At 10:30 p.m., when some Portuguese might only be sitting for dinner in normal times, the bars closed and sent a crowd of people to dance and sing together in the narrow streets until they were scared away on motorbikes by the police for about five minutes later. The revelers stayed in nearby Luís de Camoes Square until 11:30 p.m. when officers dispersed the group.

But during the day there weren’t such crowds to deal with.

Mark Boulle, 38, from Oxford, England, said he usually tries to avoid the crowds when traveling, so the trip was a dream in that regard. On Monday, when he went on a day trip to Sintra, a nearby town of postcard-ready palaces and castles, “I had practically all of the space to myself for the first half of the day,” he said.

However, he was dismayed by the widespread use of masks outdoors in Lisbon – a sharp move away from behavior in the UK, where the government has never suggested wearing masks outside and most people don’t. It was a source of tension for both the visitors and the Portuguese.

The use of masks outdoors is compulsory in Portugal. In some places, including beaches, violations are punishable by fines. In the Castelo de São Jorge, an 11th-century castle with sweeping views of the city, a security guard roamed the grounds and instructed the few tourists to put on masks while standing far away from others. A bookseller at an open-air market in Baixa grumbled that tourists should adhere to local attitudes and customs regarding masks rather than bringing their own ideas abroad.

But Mr. Boulle said he wanted the sun on his face.
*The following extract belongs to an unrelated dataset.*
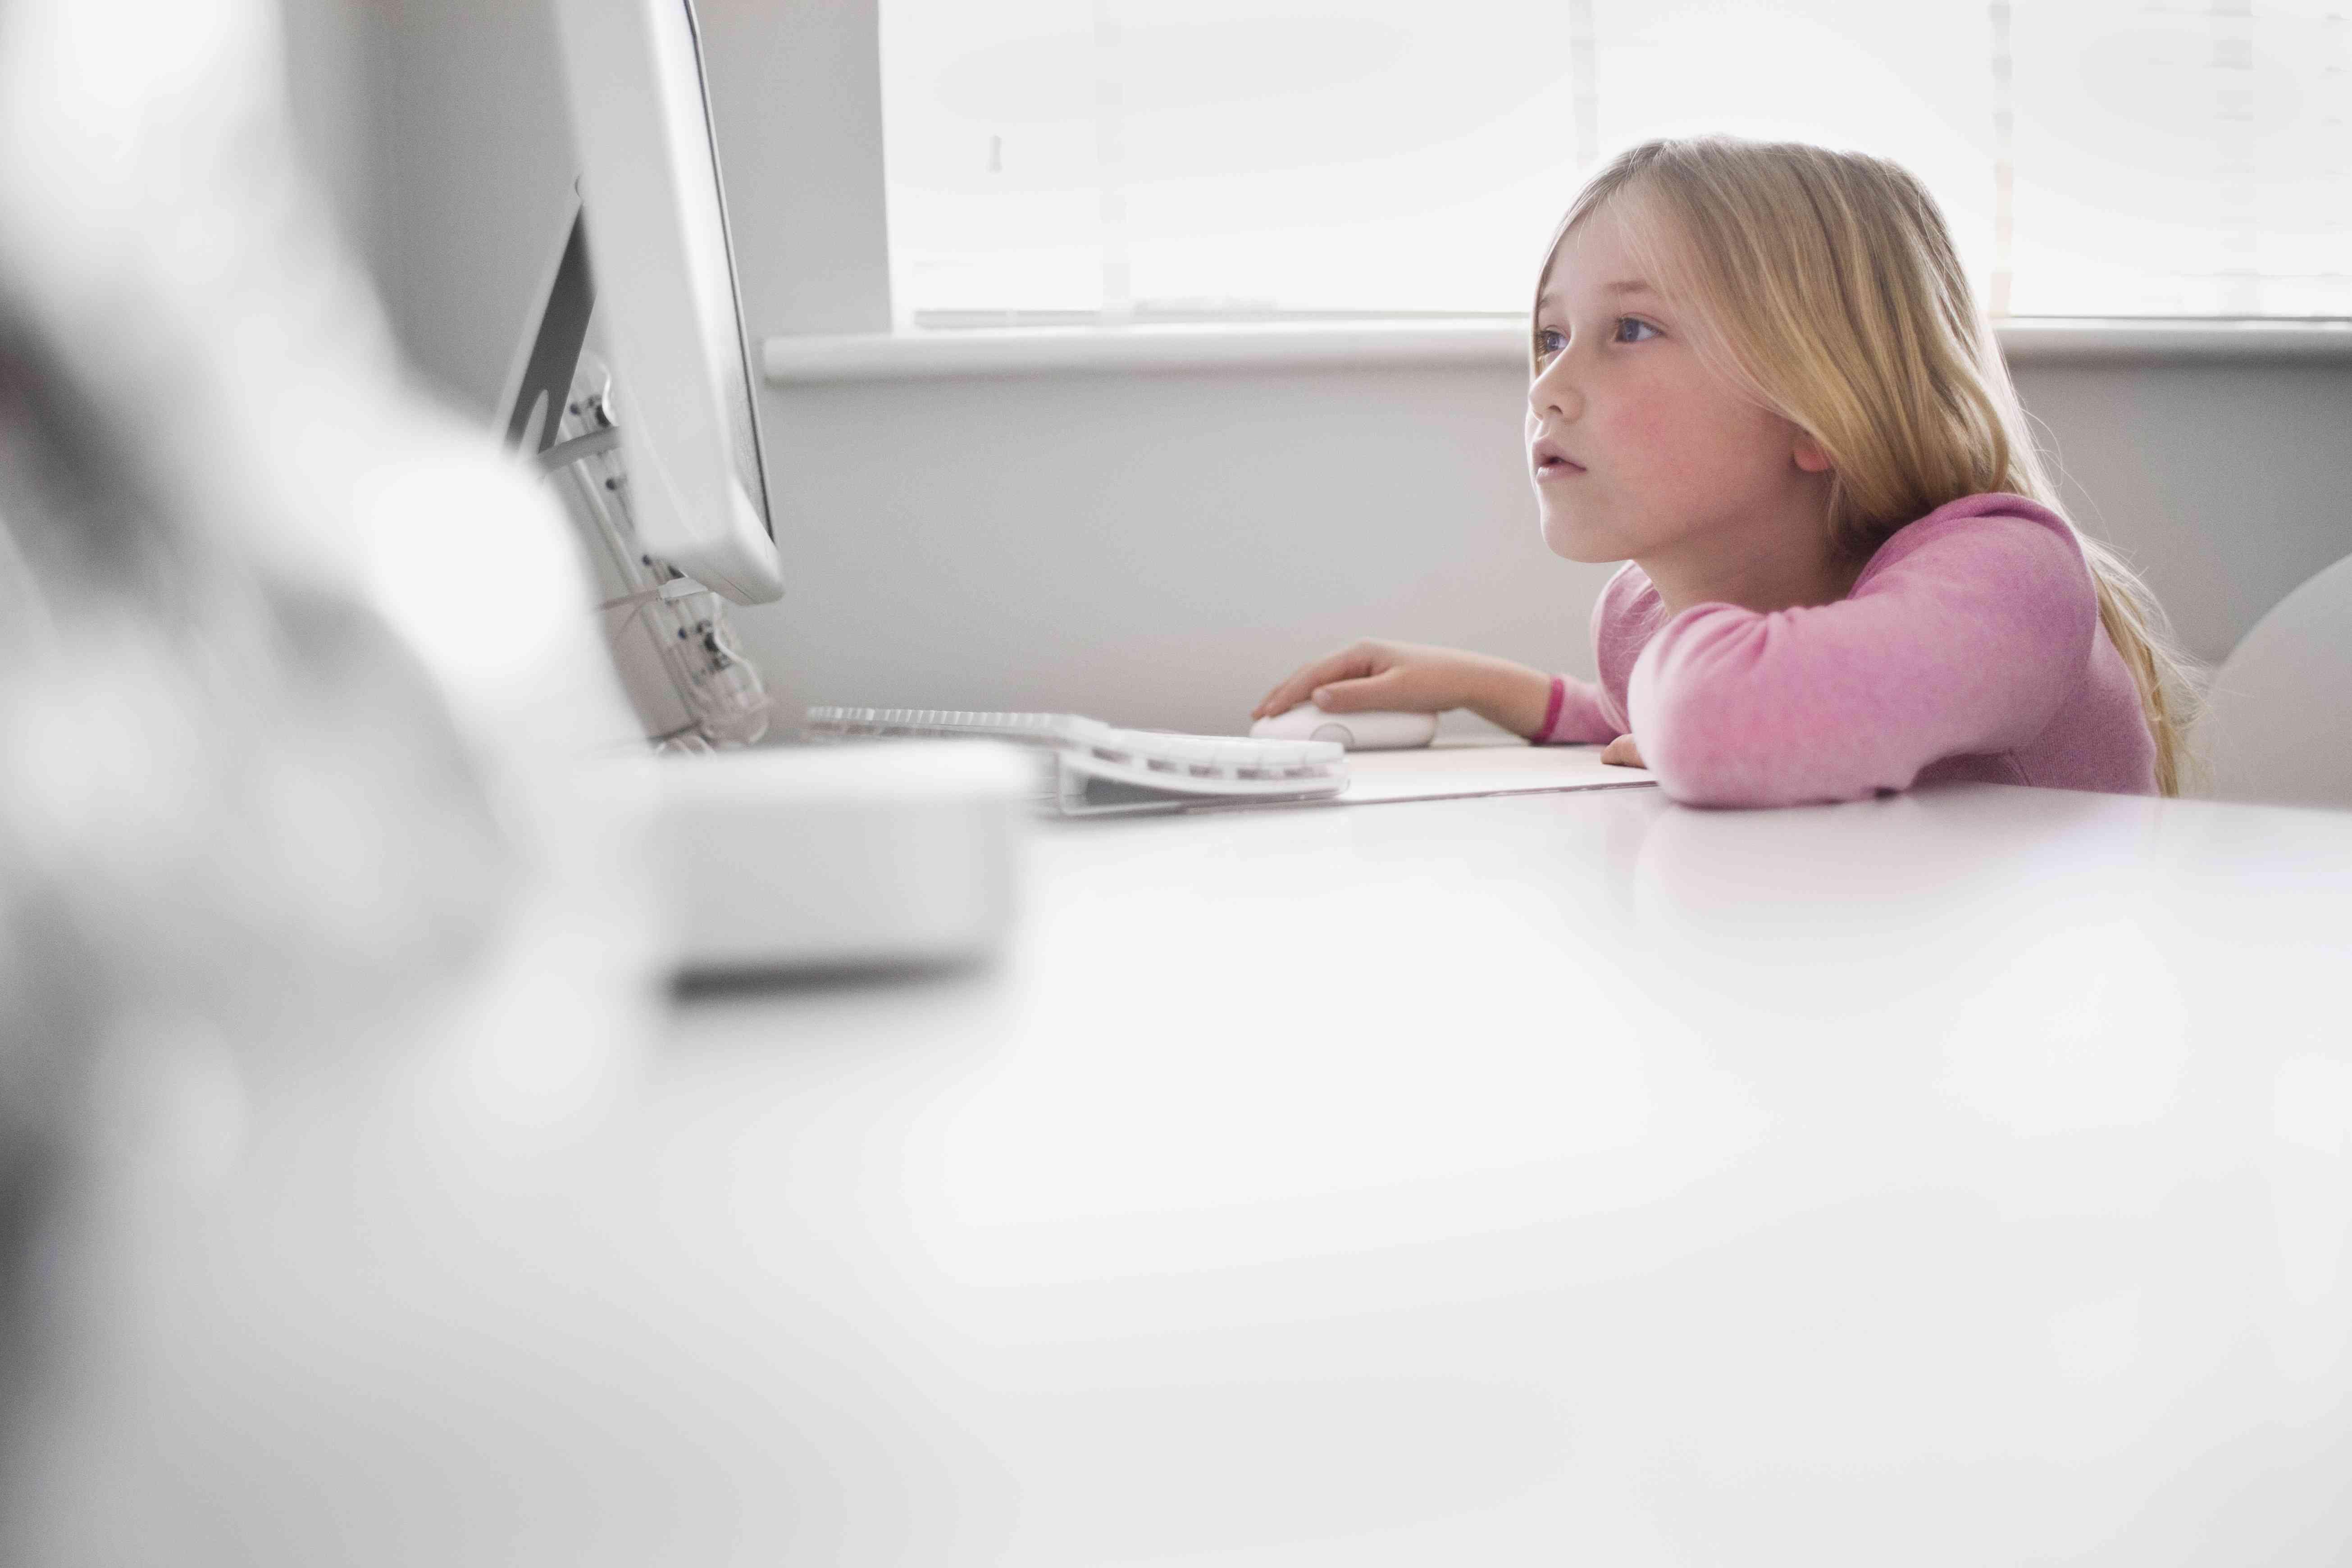 junk food ads online - girl on computer

When he was buying his ticket at Jerónimos Monastery, a popular tourist attraction, a security guard stopped him before he could buy his ticket and asked him to put on a mask.

Mr Boulle replied that he had asthma and that he could not carry one because he had difficulty breathing. “That’s not true, but I just wanted to see,” he said. “You can always say that in England.” No luck, as the security guard pointed out.

Frederico Almeida, the general manager of the Albatroz Hotel in the nearby beach town of Cascais, said he and his staff needed to remind visitors from the UK of the requirements.

Despite these problems, he is happy to see British tourists again. They are the top market for the region, he said, and their return has been quick. The 42-room hotel was about 20 percent full two weeks ago. now it is up to 80 percent.

“In the last two weeks it’s suddenly like we’ve gone back to normal,” he said. “It is wonderful.”